Common to the Minette, Edwards and Gadeken patents is the use of a controller that keeps track of the rotating sensor assembly and controls the acquisition of data based on sector boundaries in the tool face angle. While this may not be difficult to do for the case of a single directionally sensitive sensor, the problem becomes much more complicated when a plurality of different types of sensors are conveyed as part of a bottom hole assembly. It is difficult, if not impossible, for a single controller to keep track of a plurality of sensor assemblies during rotation of the downhole assembly and control the operation of a plurality of assemblies. A source of error is the nonuniform rotation speed of the drillstring. Another source of error is the time delay inherent in the electronics. Measurements may be made simultaneously by the formation sensor and the orientation sensors, but there is a time delay between the time the measurements are made with the two types of sensors and the time at which they are processed. The interaction between the two sources of error, i.e., nonuniform rotation and time delay, can be fairly complex.

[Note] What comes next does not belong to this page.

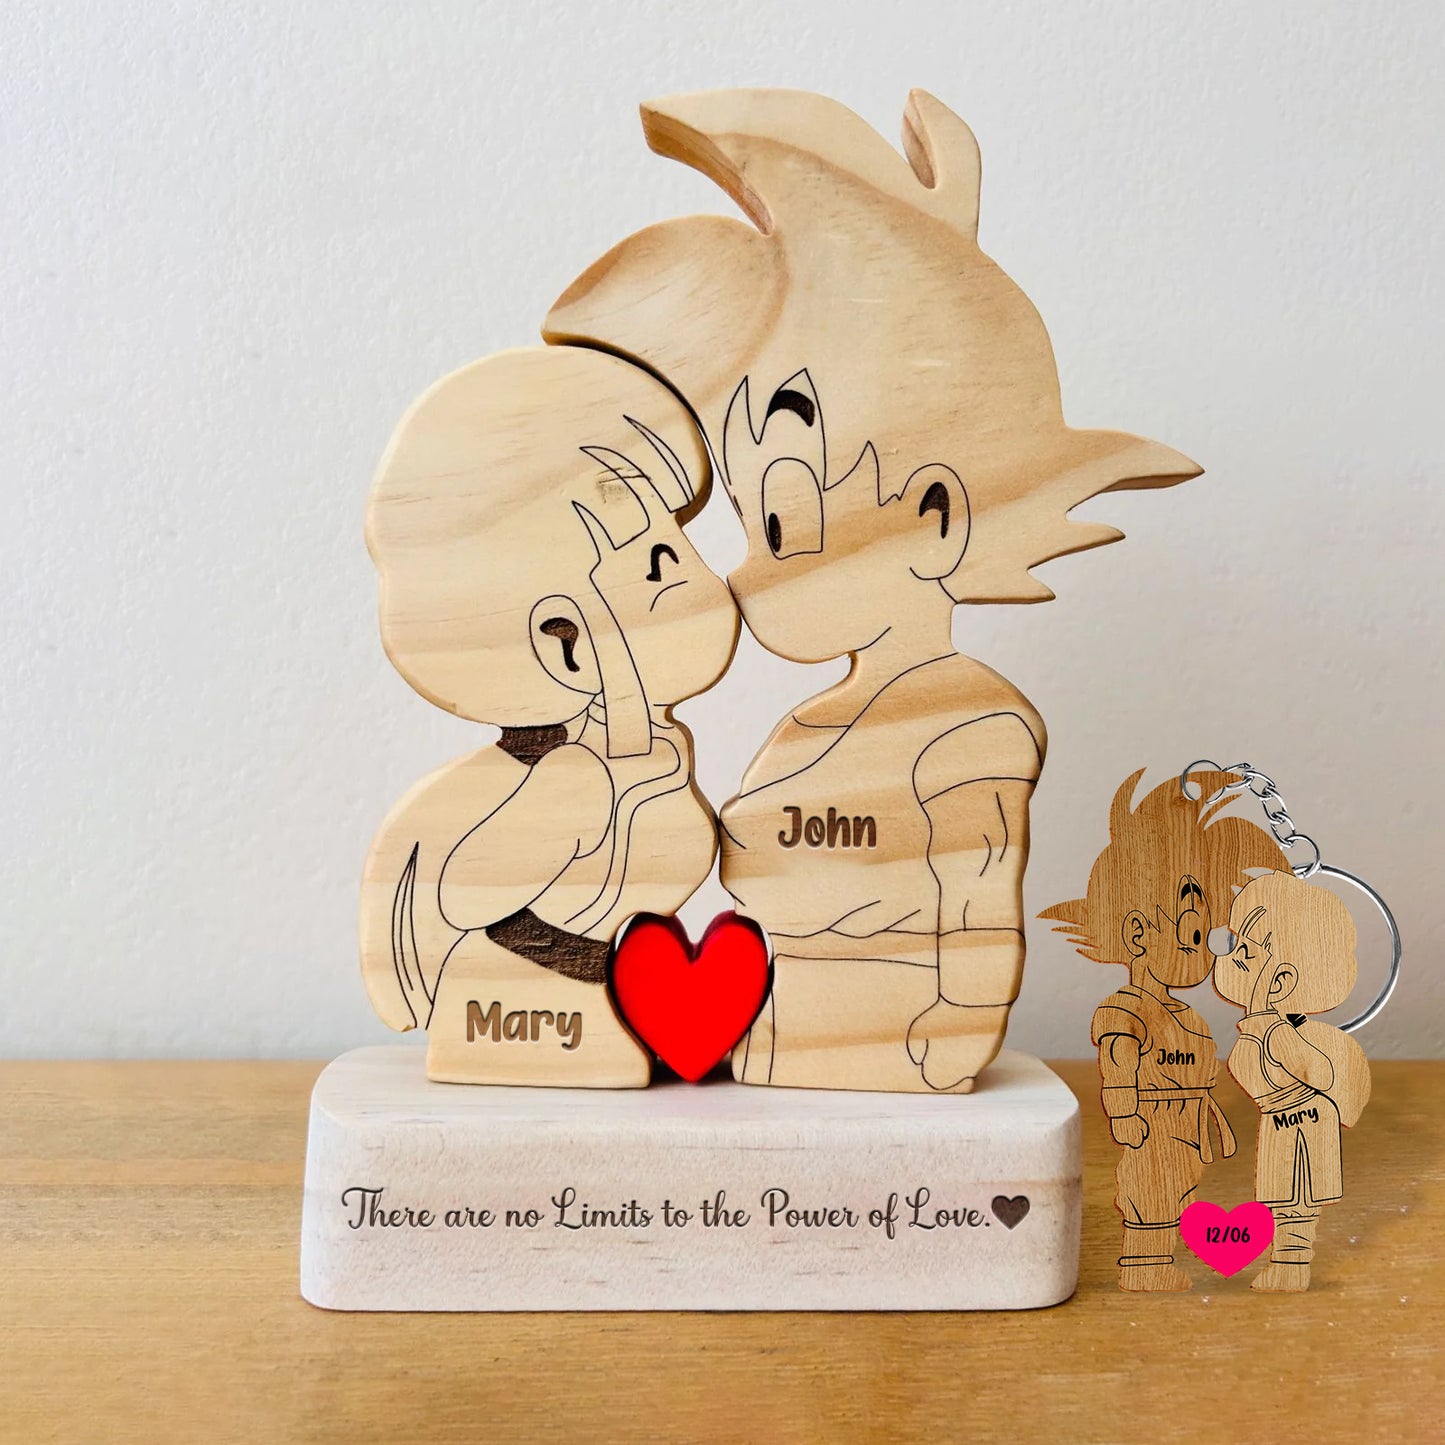 Couple - Cute Cartoon Character DBZ - Personalized Puzzle & Keychain

The problem of nonuniform rotation is partially addressed in copending U.S. patent application Ser. No. 10/629,268 of Cairns et.al. having the same assignee and the contents of which are fully incorporated herein by reference. However, addressing the non-uniform rotation by itself gives only a partial solution. In addition, there is the problem of bias in the orientation sensor measurements. Generally, magnetometers are preferred as orientation sensors over gyroscopes, but magnetometers are susceptible to errors causes by metallic drill collars, casing, and accumulated debris. There is a need for a method of determining accurate orientation values using measurements made by a an orientation sensor on a MWD logging tool. It would be desirable to have an apparatus and a method that efficiently controls data acquisition and possibly processing with a plurality of rotating sensors in a downhole device. The present invention satisfies this need.